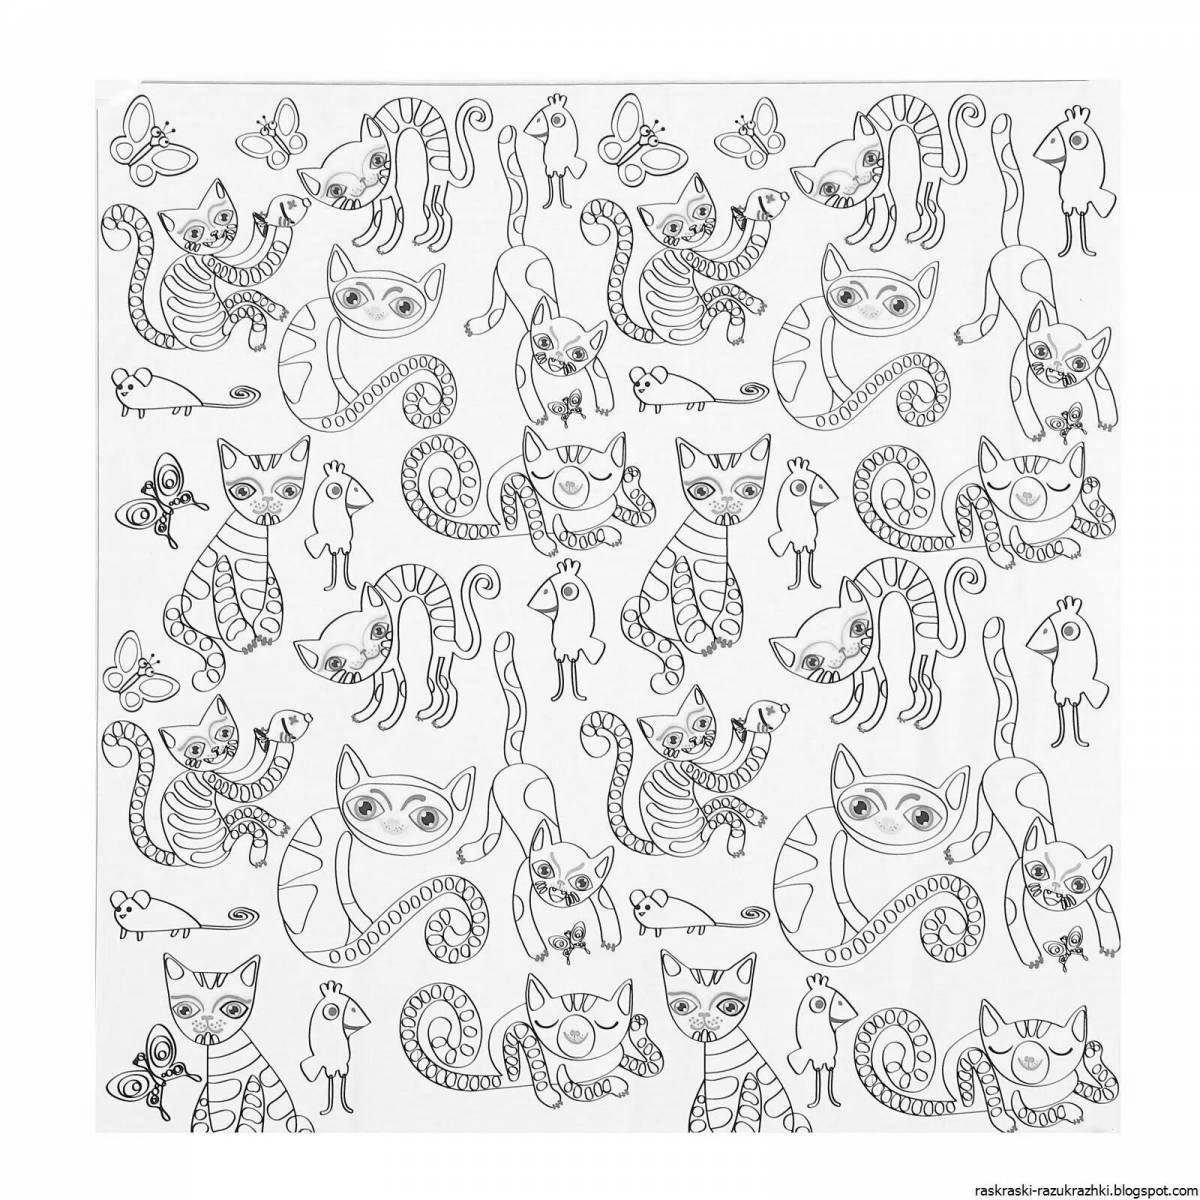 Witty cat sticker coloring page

---

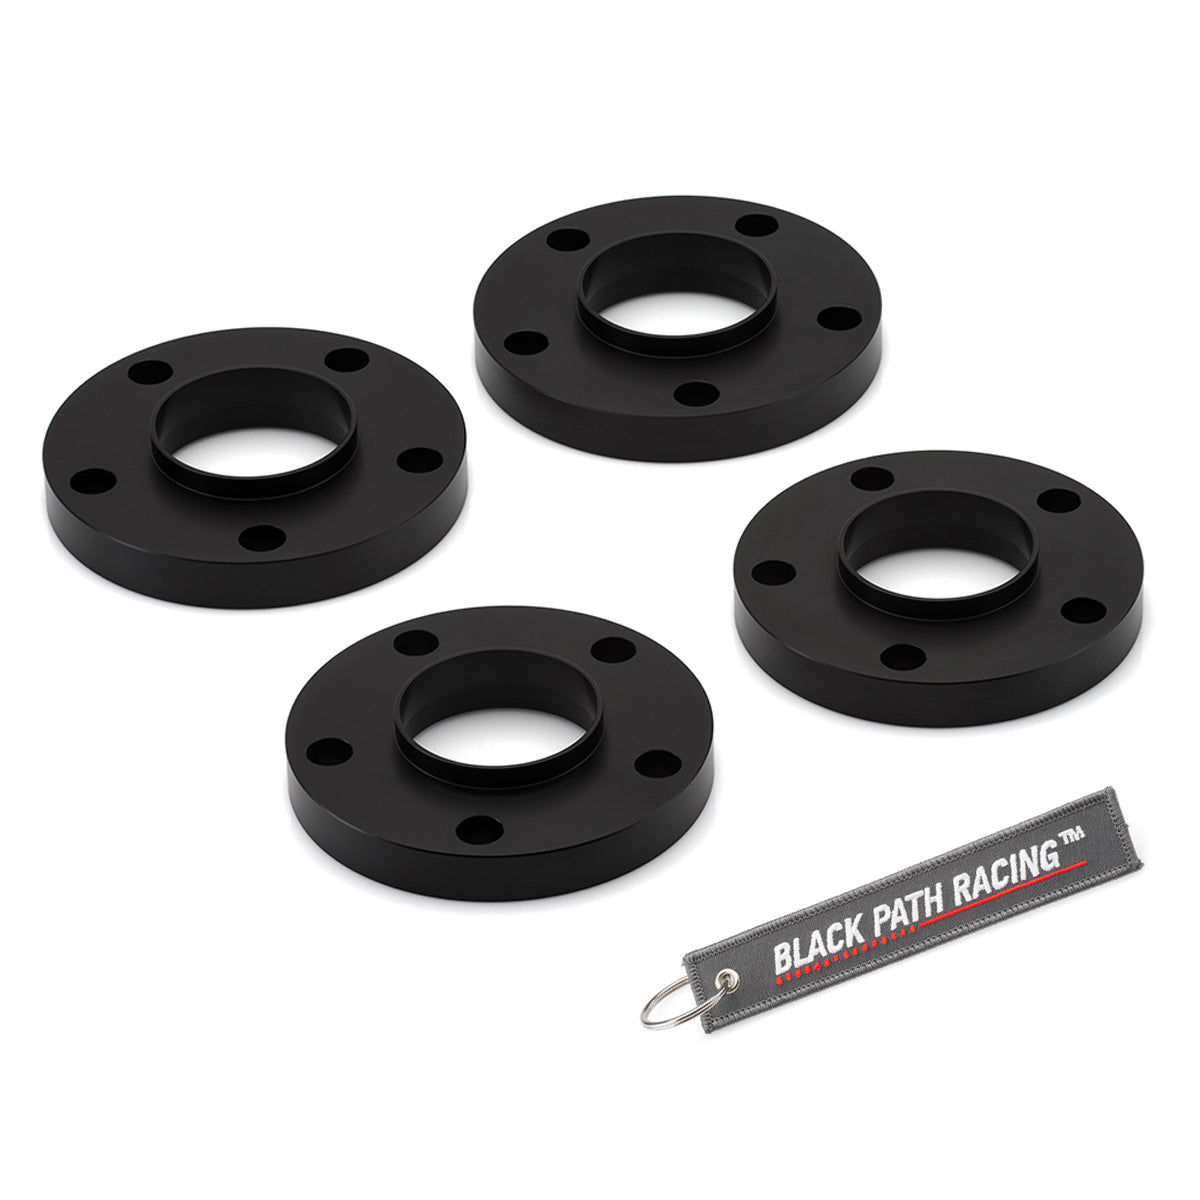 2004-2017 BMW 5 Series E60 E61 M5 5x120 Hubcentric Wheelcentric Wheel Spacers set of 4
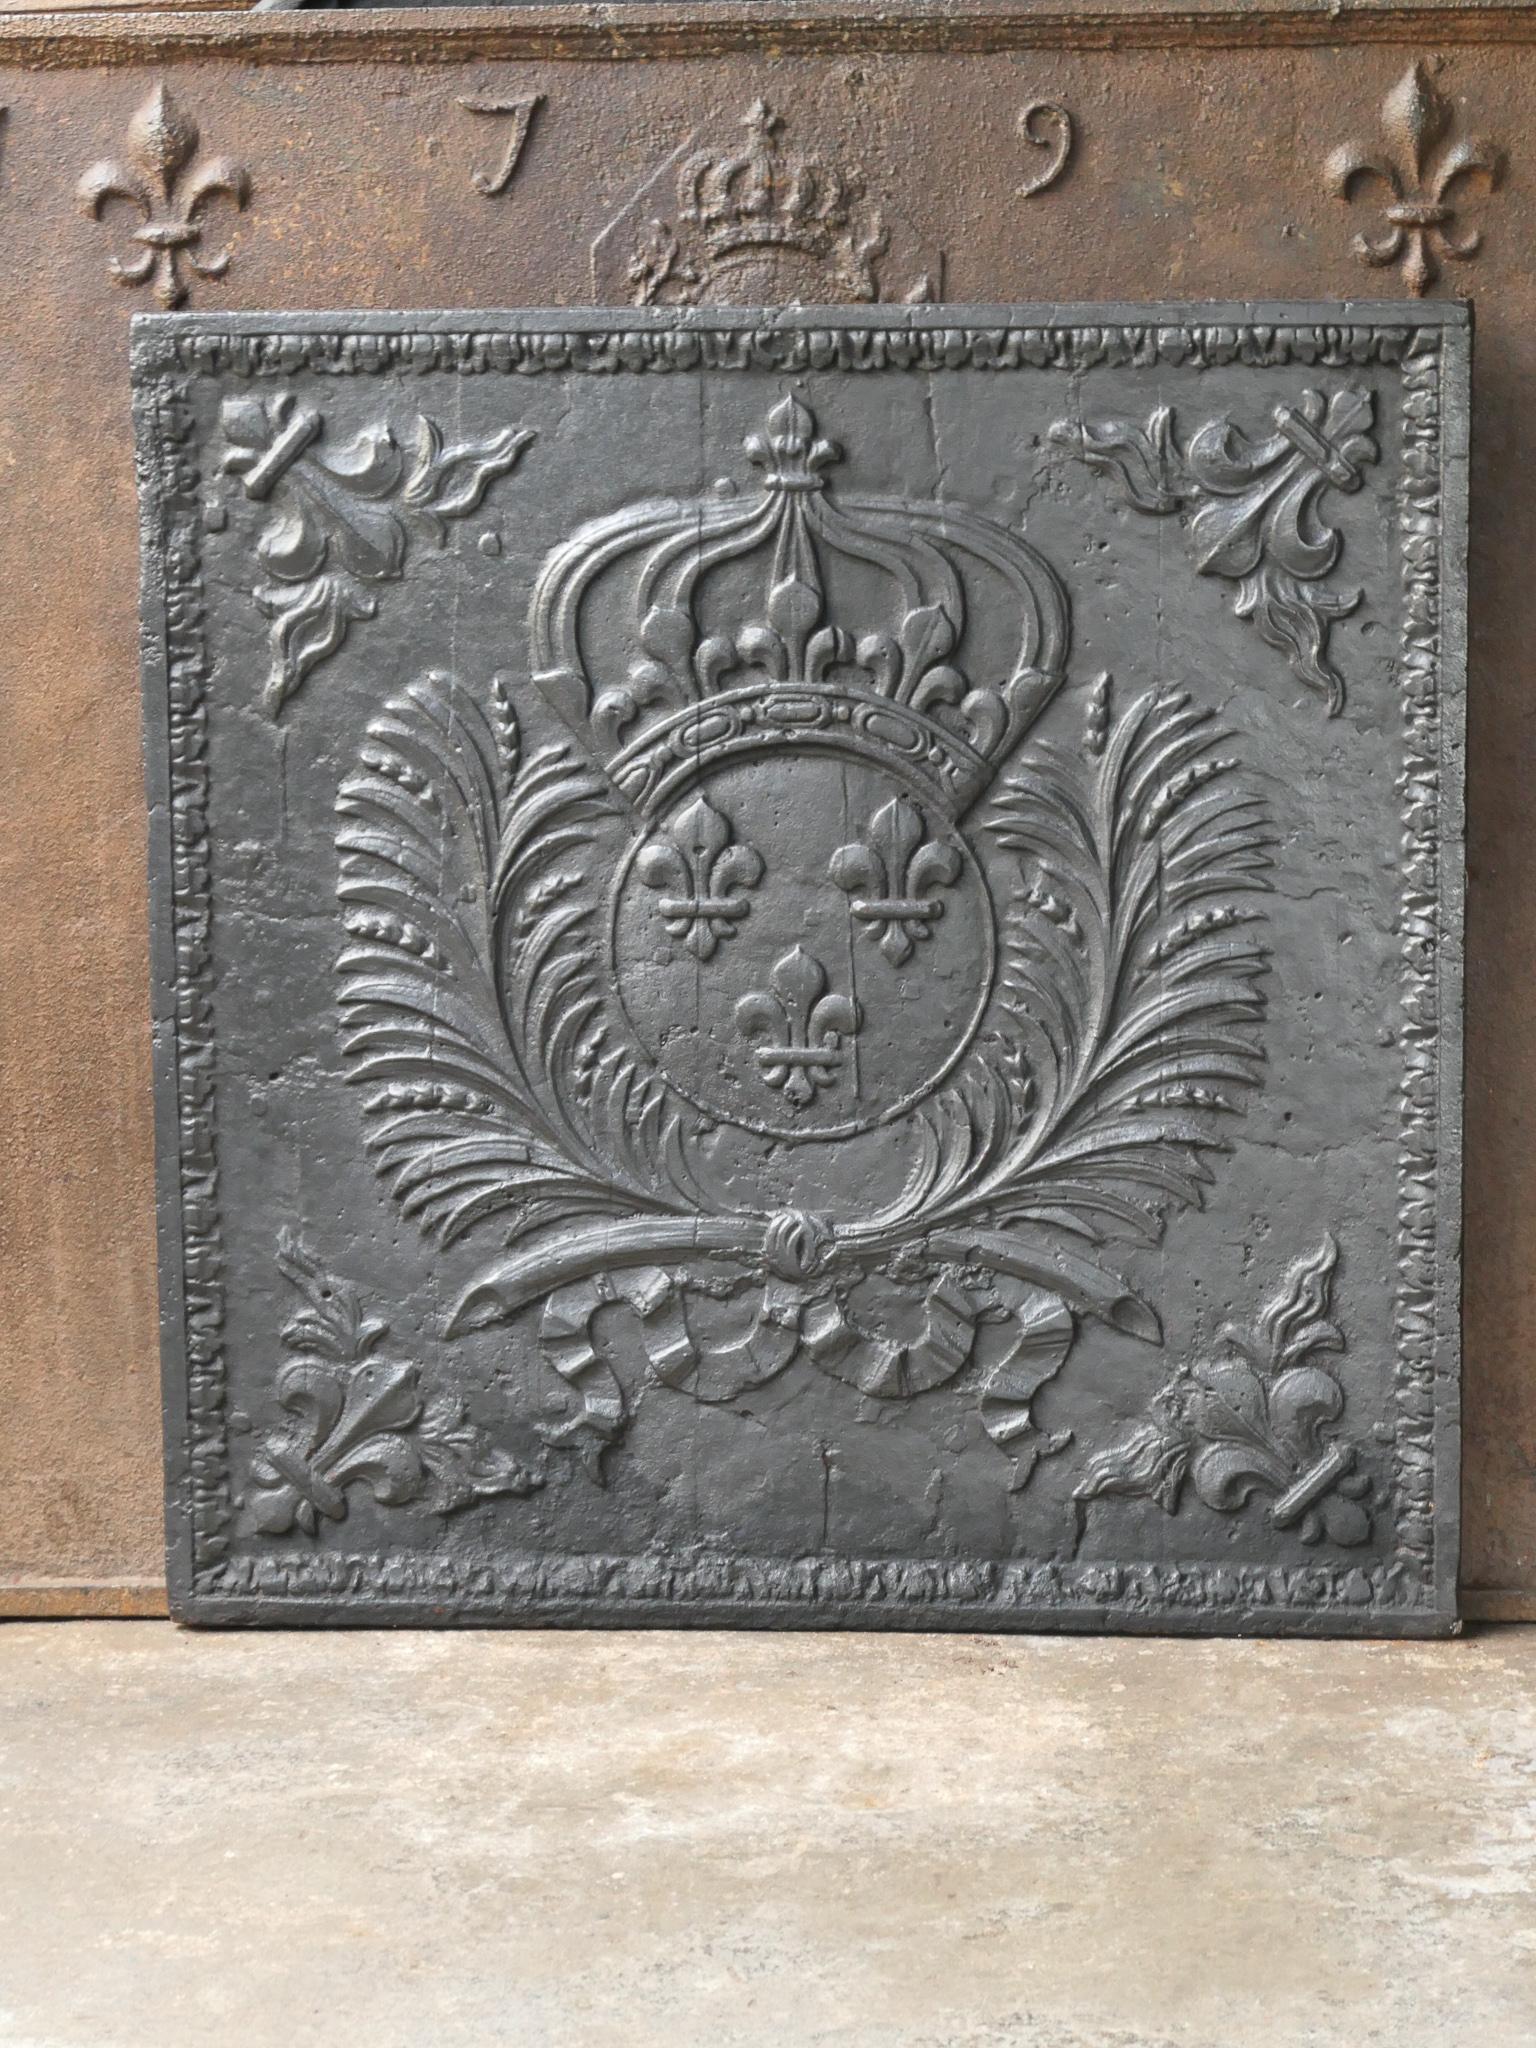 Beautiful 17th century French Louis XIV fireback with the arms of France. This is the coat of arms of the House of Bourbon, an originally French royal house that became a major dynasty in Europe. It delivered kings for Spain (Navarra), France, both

==

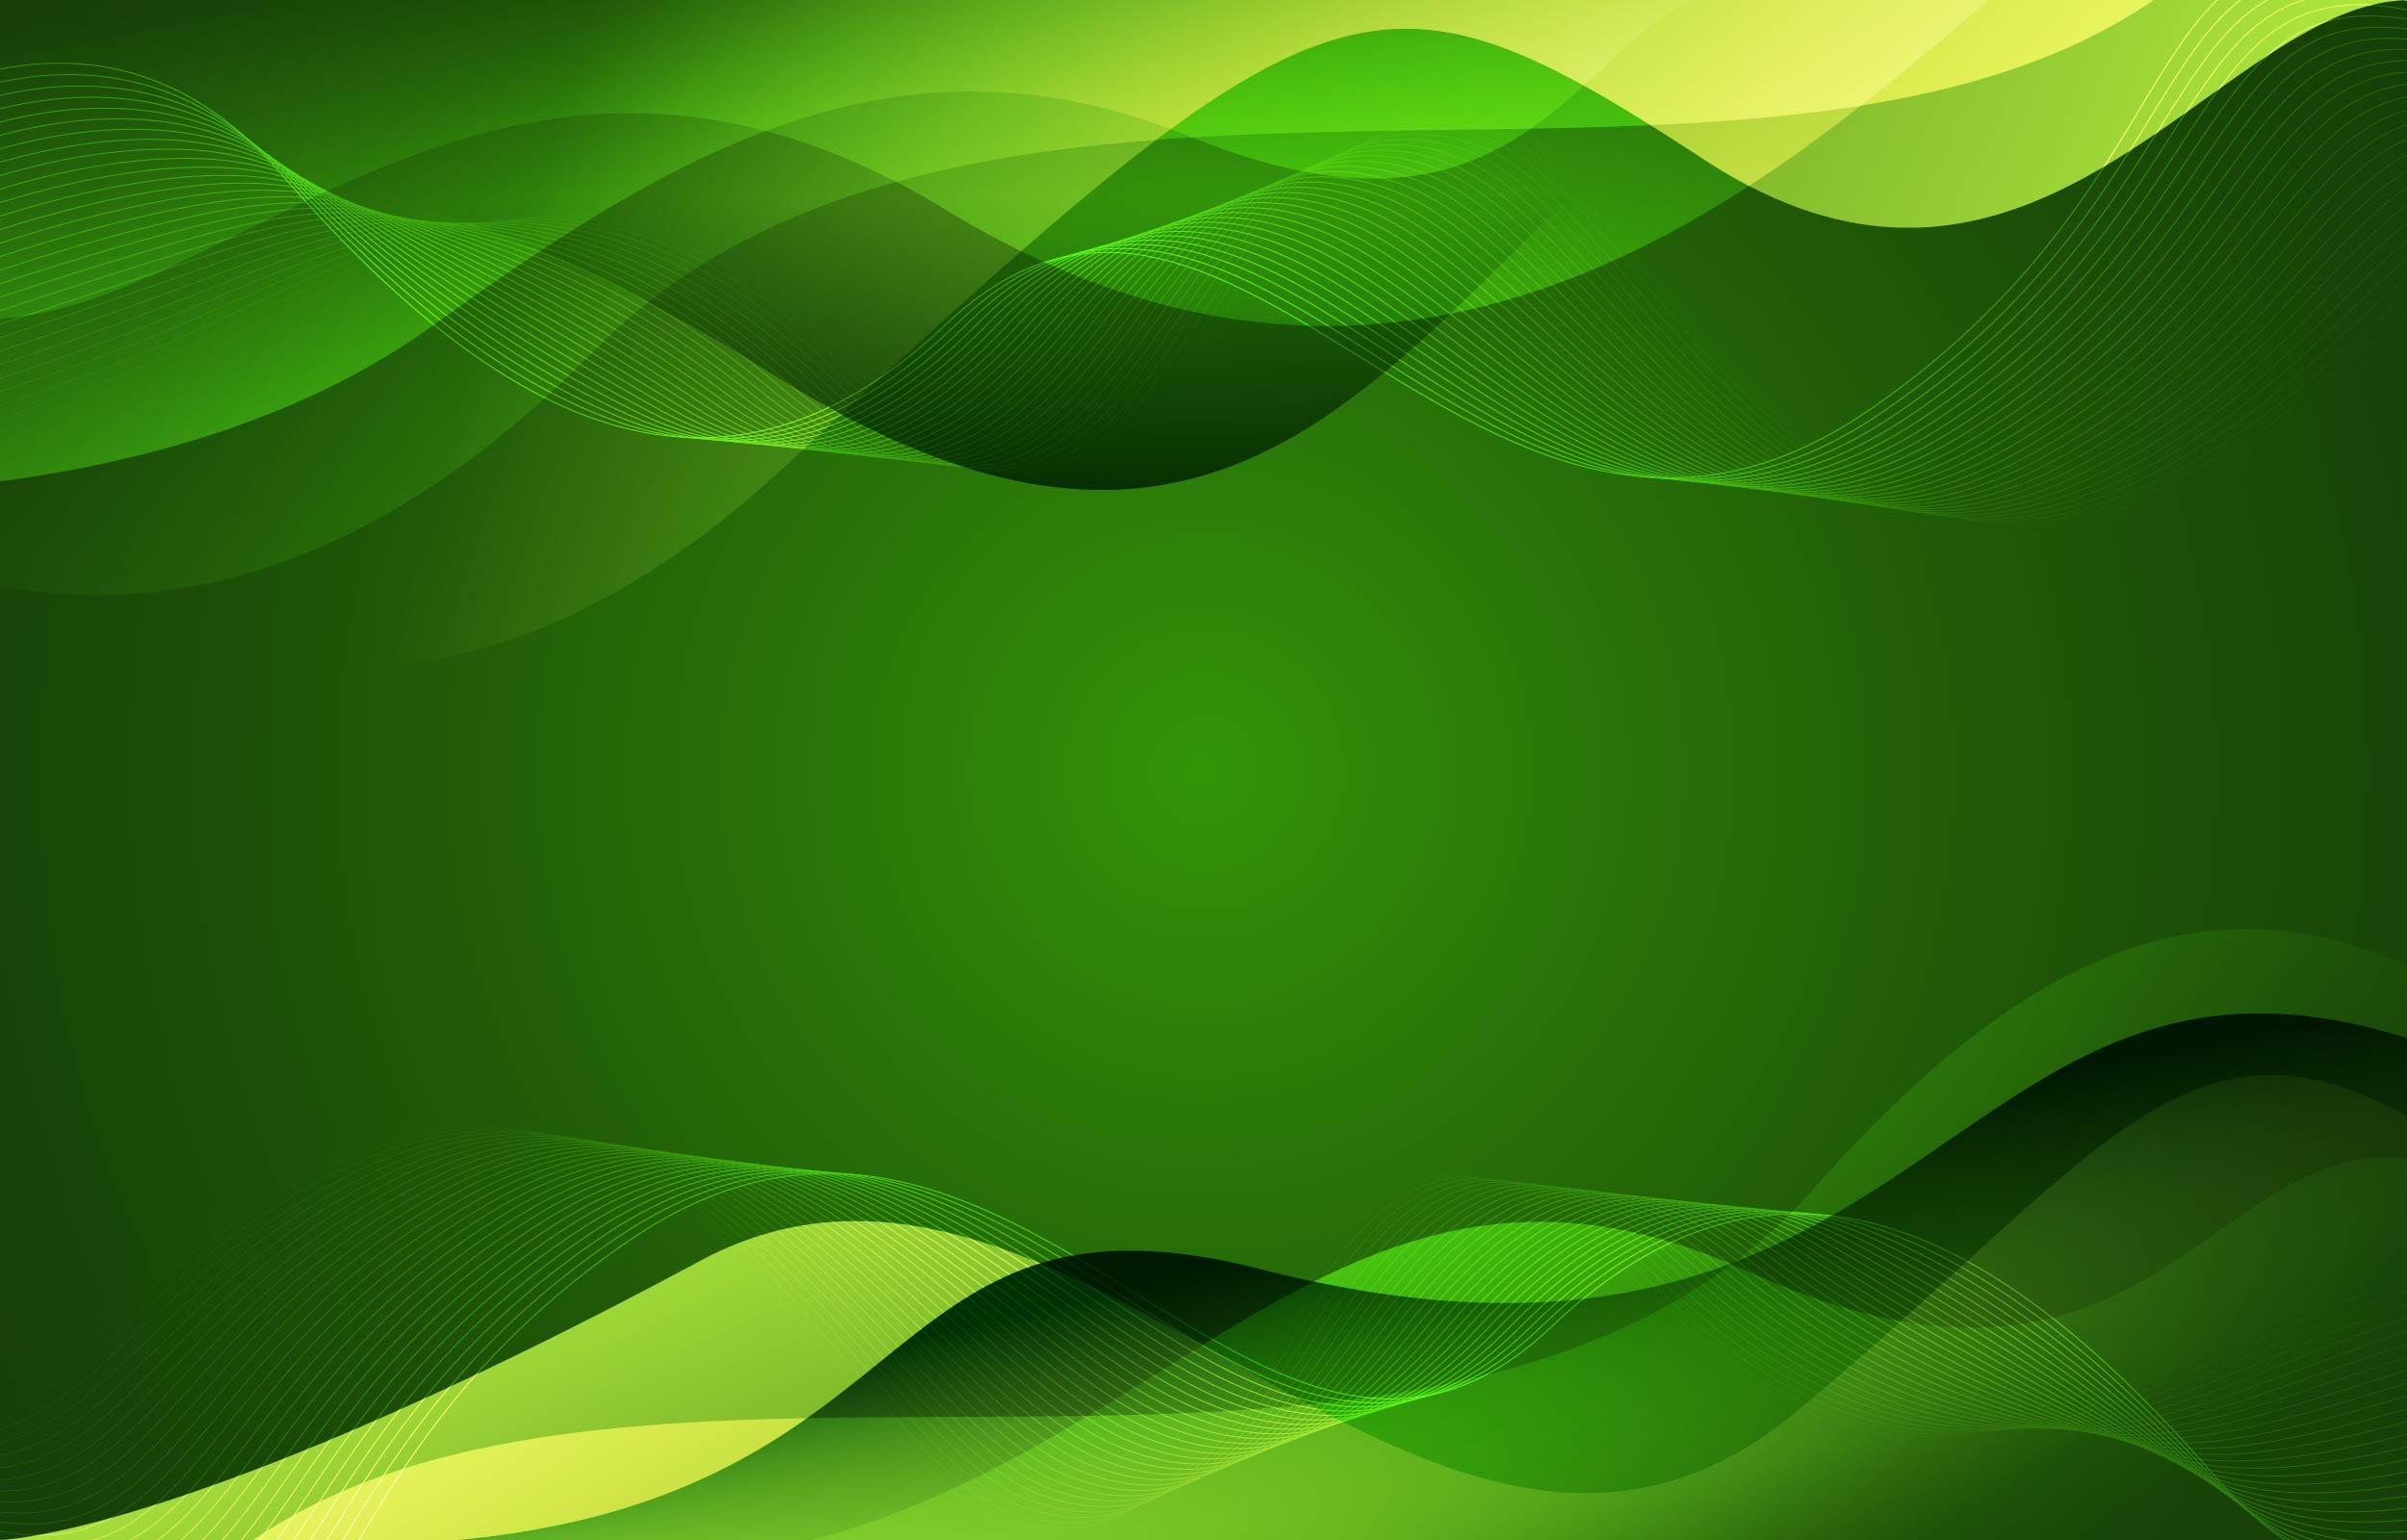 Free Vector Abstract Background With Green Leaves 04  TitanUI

▶ **Work instruction**: Would you print exactly the lines in the listing above, from the line bearing "2004-2017 BMW 5" through the line bearing "Beautiful 17th century", leaving out all pictures?

▶ **Response to the exercise**:
 2004-2017 BMW 5 Series E60 E61 M5 5x120 Hubcentric Wheelcentric Wheel Spacers set of 4
 Beautiful 17th century French Louis XIV fireback with the arms of France. This is the coat of arms of the House of Bourbon, an originally French royal house that became a major dynasty in Europe. It delivered kings for Spain (Navarra), France, both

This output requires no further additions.